Out of the 35 ears subjected to present the study, the overall successful closure was found in 54.26 cases, of which 52.63% belonged to the cauterization group and 47.37% belonged to the freshening and Gelfilm patching group; 16 cases that did not heal were equally distributed in both groups. Complications that occurred in the study were vertigo (3 patients of cauterization group), otomycosis (2 patients of freshening group) and widening of perforation (1 patient each in both groups).

Out of 18 cases who underwent chemical cauterization, average number of sittings were 1.9 sittings, maximum being 3. Patients who developed vertigo or otomycosis were not subjected to cauterization for the second time. Ears that failed to heal after three sittings of cauterization were considered as failure.

DISCUSSION

The use of cauterising agents to promote healing of tympanic membrane perforations was introduced by Roosa in 1876, who used the application of silver nitrate to the rim of a perforation; the use of trichloroacetic acid was first advocated in 1895 by Okuneff. [2] It was not until Joynt combined the cautery and paper patch techniques that closure results improved forming the basis of the modern-day use of the paper patch technique as popularized by Derlacki. [3] An adequate trial of closure by acid cautery on several occasions with or without marginal eversion has become an option for small and medium-sized central perforations before resorting to myringoplasty.
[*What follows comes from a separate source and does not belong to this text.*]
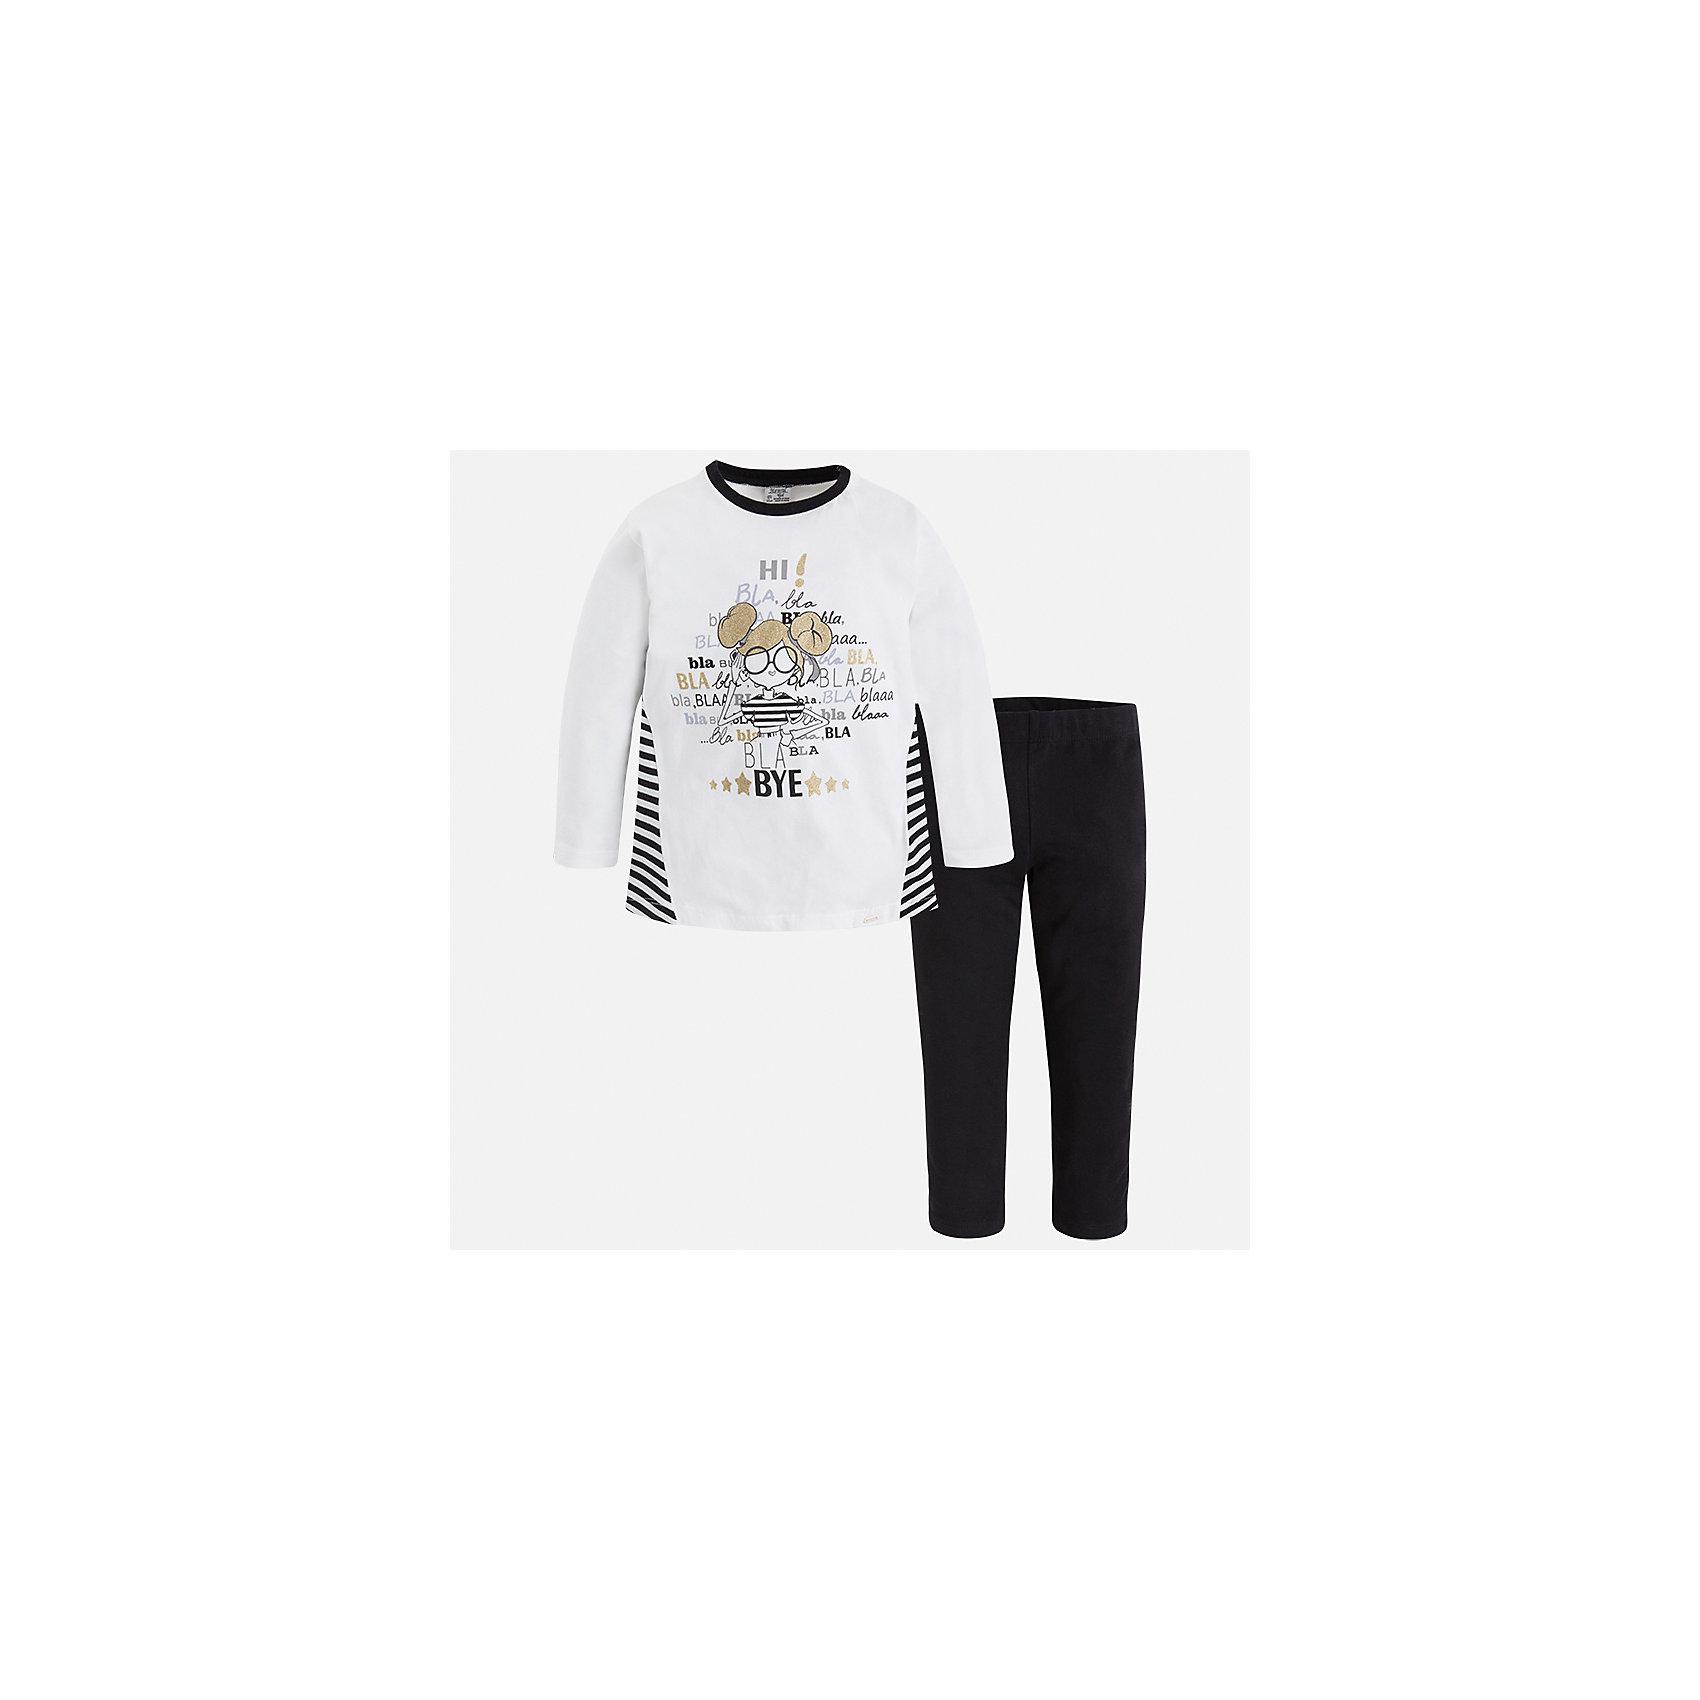 Комплект: футболка с длинным рукавом и леггинсы Mayoral для девочкиКомплекты<br>Характеристики товара:<br><br>• цвет: черный<br>• комплектация: футболка с длинным рукавом и леггинсы<br>• состав ткани леггинсов: 92% хлопок, 8% эластан<br>• состав ткани футболки с длинным рукавом: 60% хлопок, 32% полиэстер, 8% эластан<br>• длинные рукава<br>• пояс: резинка<br>• сезон: круглый год<br>• страна бренда: Испания<br>• страна изготовитель: Индия<br><br>Детская футболка с длинным рукавом из этого комплекта украшена модным принтом. Модный детский комплект от известного бренда Майорал состоит из трикотажной футболки с длинным рукавом и эластичных леггинсов. <br><br>В одежде от испанской компании Майорал ребенок будет выглядеть модно, а чувствовать себя - комфортно. Целая команда европейских талантливых дизайнеров работает над созданием стильных и оригинальных моделей одежды.<br><br>Комплект: футболка с длинным рукавом для девочки Mayoral (Майорал) можно купить в нашем интернет-магазине.<br><br>Ширина мм: 123<br>Глубина мм: 10<br>Высота мм: 149<br>Вес г: 209<br>Цвет: черный<br>Возраст от месяцев: 96<br>Возраст до месяцев: 108<br>Пол: Женский<br>Возраст: Детский<br>Размер: 134,92,98,104,110,116,122,128<br>SKU: 6922873

In a study conducted by Uppal et al., in 1997 trichloroacetic acid cauterization showed 78% success rate in closing perforations of tympanic membrane with an average of 2.8 applications. [4] In 2007, Goldman conducted a study on chemical closure of tympanic membrane and 64% success rate was observed. [5] In a recent study on comparison of chemical cautery versus fat myringoplasty by Debnath in November 2013, closure results were found to be comparable with an average success rate of 68%. [6]

Evolution of Patching Technique for Tympanic Membrane Closure

In paper patch myringoplasty a paper disk, moistened on one side with a solution of 1% phenol in glycerine to make it adherent, is introduced with a small alligator-type forceps and teased into place with a tiny blunt ear hook or ring. [7] After a week to 10 days, the patch migrates along with the exfoliated skin toward the external auditory meatus. For fresh traumatic perforations, the edges of the perforation are everted and a properly trimmed piece of Gelfilm[R] or cigarette paper is placed on the tympanic membrane.
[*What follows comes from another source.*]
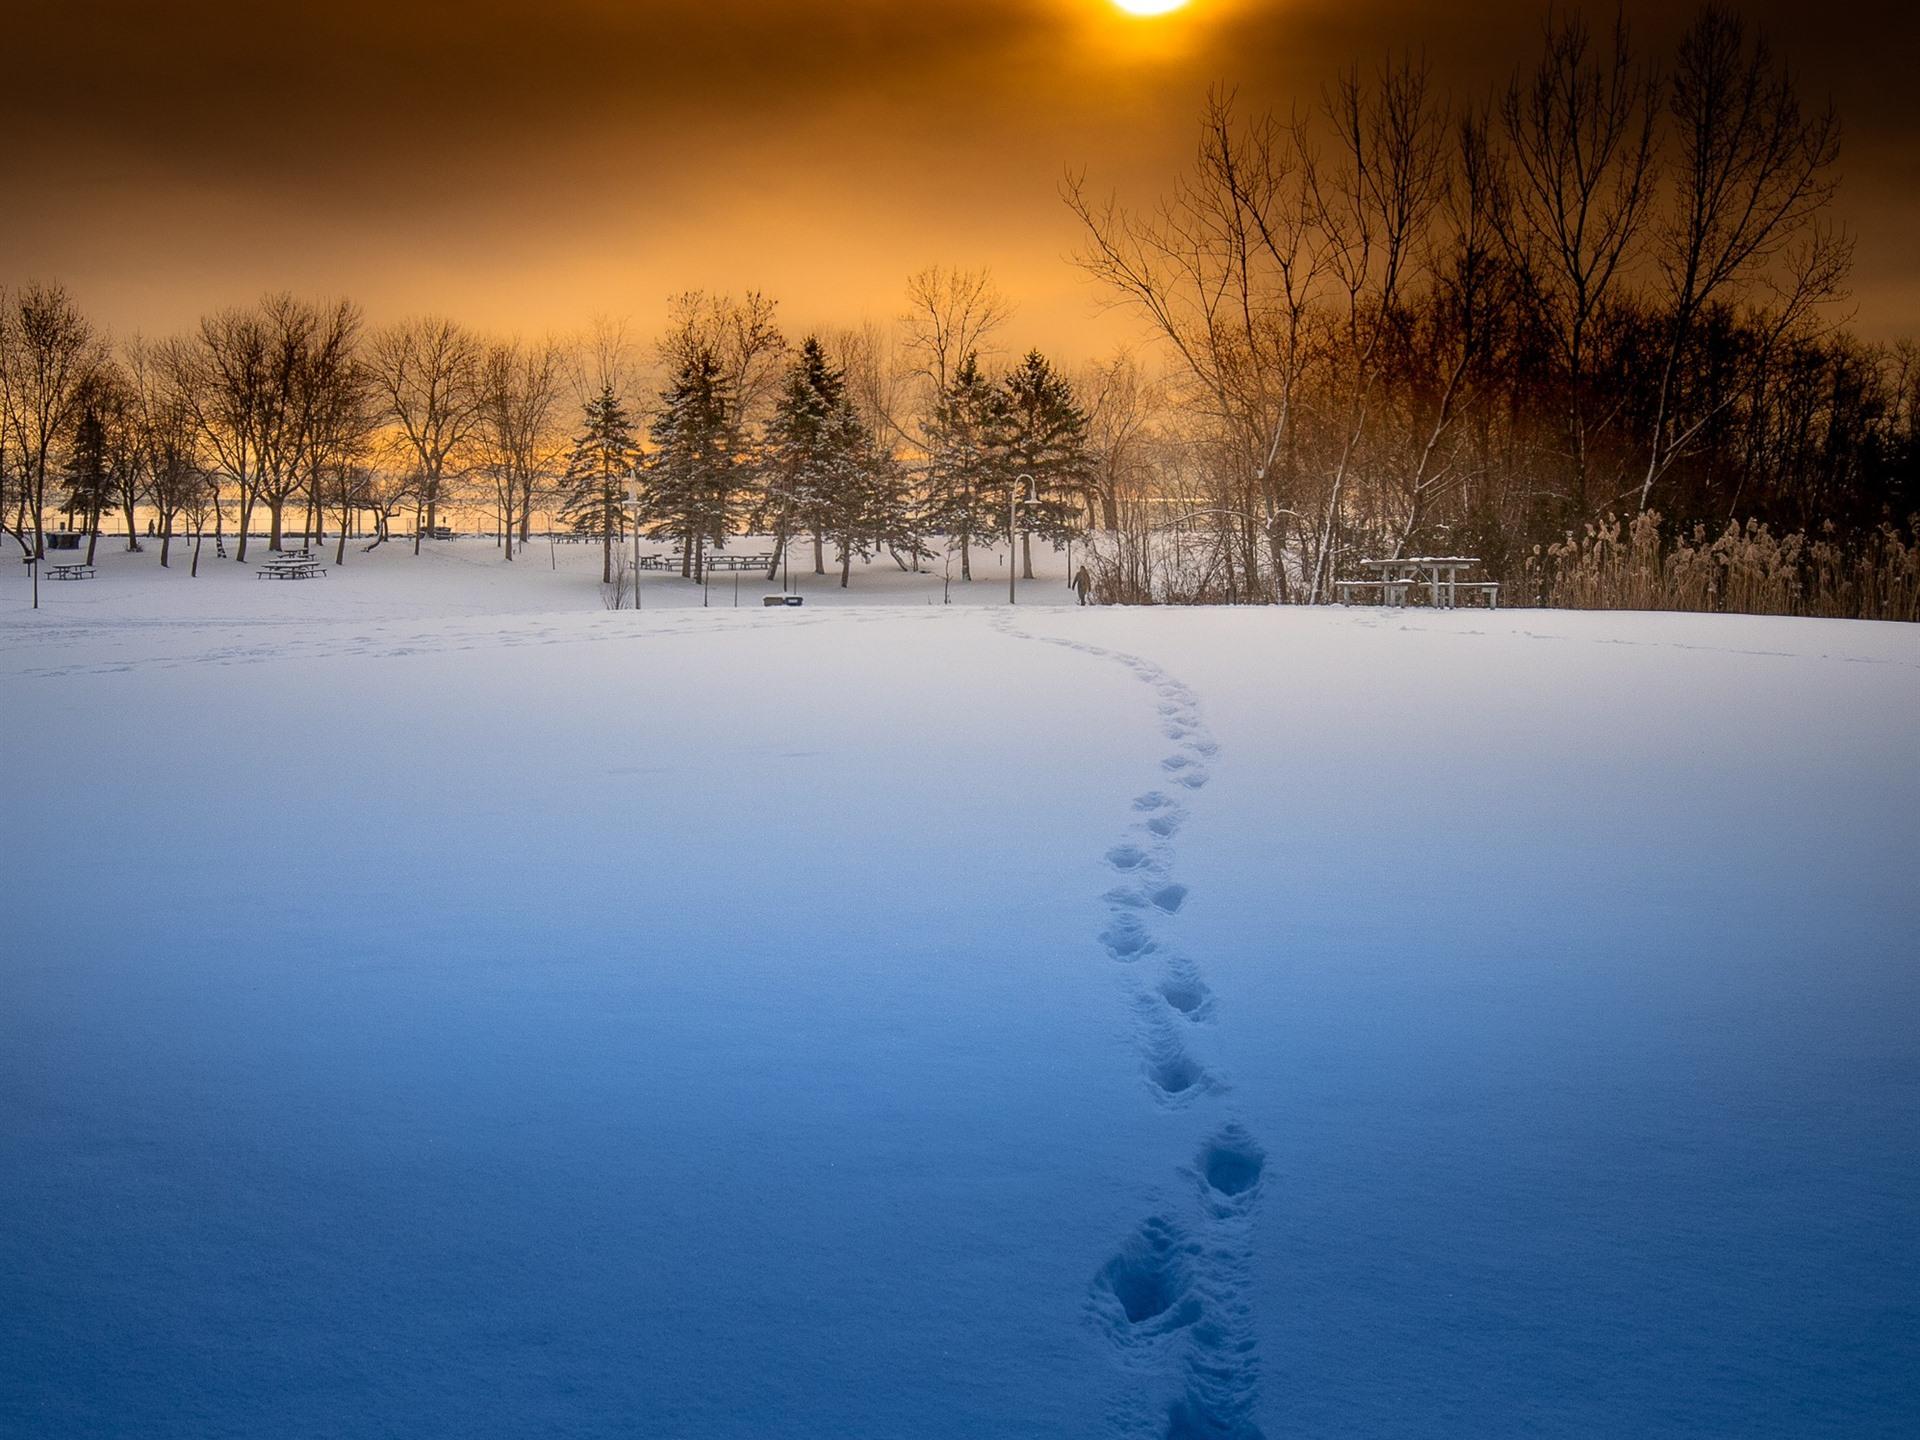 壁紙 冬 日没 雪 木 美しい風景 1920x1440 Hd 無料のデスクトップ

Biomaterials used for Tympanic Membrane Repair With the advent and development of tissue engineering in the last decade, a number of biomaterials have been studied and attempts have been made to mimic biological functions with these materials. In 2000, Kartush described a new simple device designed to be inserted into the perforation made out of a very soft silicone in the shape of a sealed tympanostomy tube called the TM Patcher, which is self-stabilizing without adhesives. [8] Fibroin, a core structural protein in silk from silkworms, has been widely studied with various biomedical applications.
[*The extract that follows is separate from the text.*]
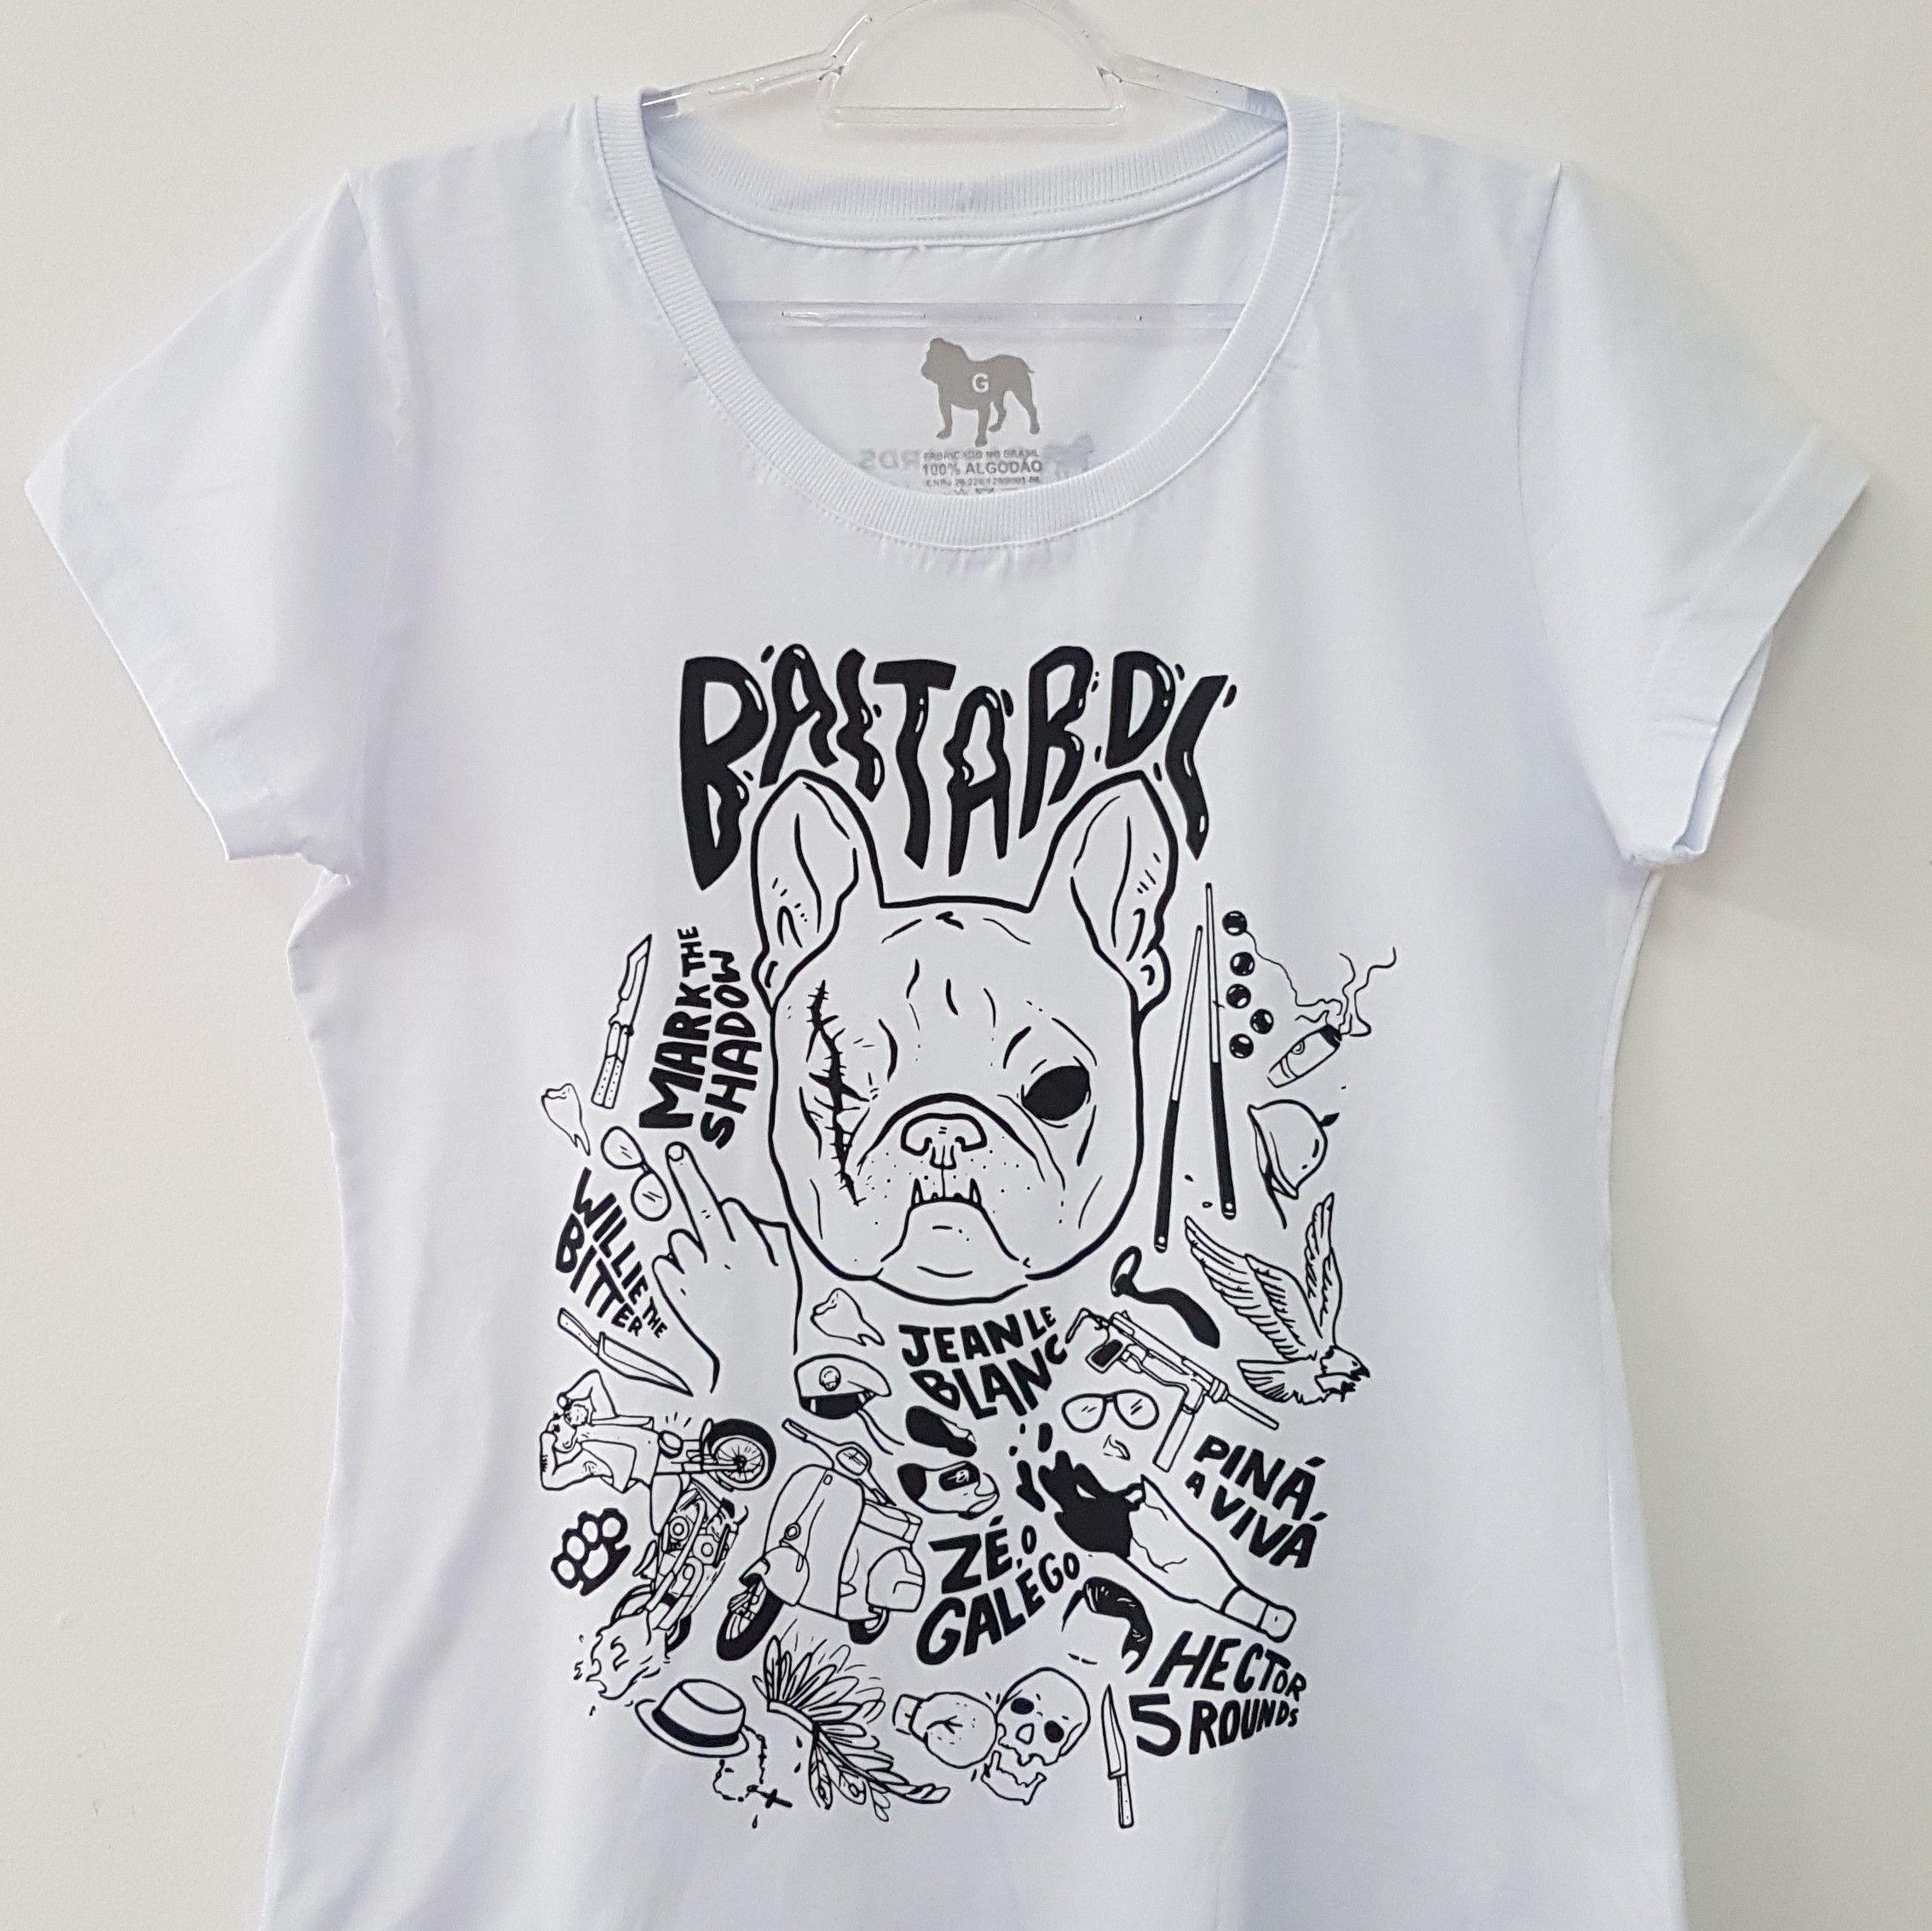 Camiseta Feminina - Estampa Bastards - Branca

Silk fibroin scaffold was used by Levin et al. as a novel device for use as a graft in myringoplasty surgery. [9] The functioning of several potential synthetic biodegradable eardrum grafts and non-degradable, microporous eardrum grafts was examined by Feenstra et al., both visually and histologically in experimental studies with animals. [10] In 2011, Nicklasson et al. conducted a study of Gelfoam plug after freshening of TM, providing a success rate of 83%. [11]

In 1992, Baldwin and Loftin conducted 115 cases of Gelfilm myringoplasty with an interlocking Gelfilm stent and obtained 94% closure. [12] In our study we have combined the above procedure with the application of platelet rich plasma as growth promoter, as an attempt to achieve better results.

Experimental Studies with Growth Promoters

Several materials applied at the site of healing can promote wound healing, such as Epidermal Growth Factor (EGF), platelets, hyaluronic acid, insulin, heparin, etc. So a combination of freshening the edge of a perforation with application of a suitable growth promoter can provide better base for the epithelial regeneration over a surface. Parul Pujary et al. conducted a pilot study in which a Gelfoam soaked with dilute Human R Insulin was placed at the site of the perforation. [13] Successful epithelialization of the CP was noted in as less as two instillations.

In 2010, Santa Maria et al. studied the role of EGF in the healing of tympanic membranes following perforation in rats and concluded that EGF plays an important role in the wound healing of tympanic membranes including a role in keratinocyte proliferation and migration. [14] In 1999, Chauvin K et al. conducted a study on healing large tympanic membrane perforations using hyaluronic acid, basic fibroblast growth factor and EGF in guinea pig and concluded that out of the three EGF is the prime candidate for clinical agent to promote healing of tympanic membranes perforation. [15]

Stenfors covered tympanic membrane defects with 1% hyaluronic acid, repeating every second to third day and showed that it accelerated closure. [16] Saliba et al. in 2011, combined hyaluronic acid and fat graft myringoplasty to obtain a success rate comparable to that of underlay and overlay tympanoplasty. Mitchell in 1958 applied gelatin sponge soaked in autologous blood. Autologous blood clot has been used at the margins of healing perforations in fat plug myringoplasty.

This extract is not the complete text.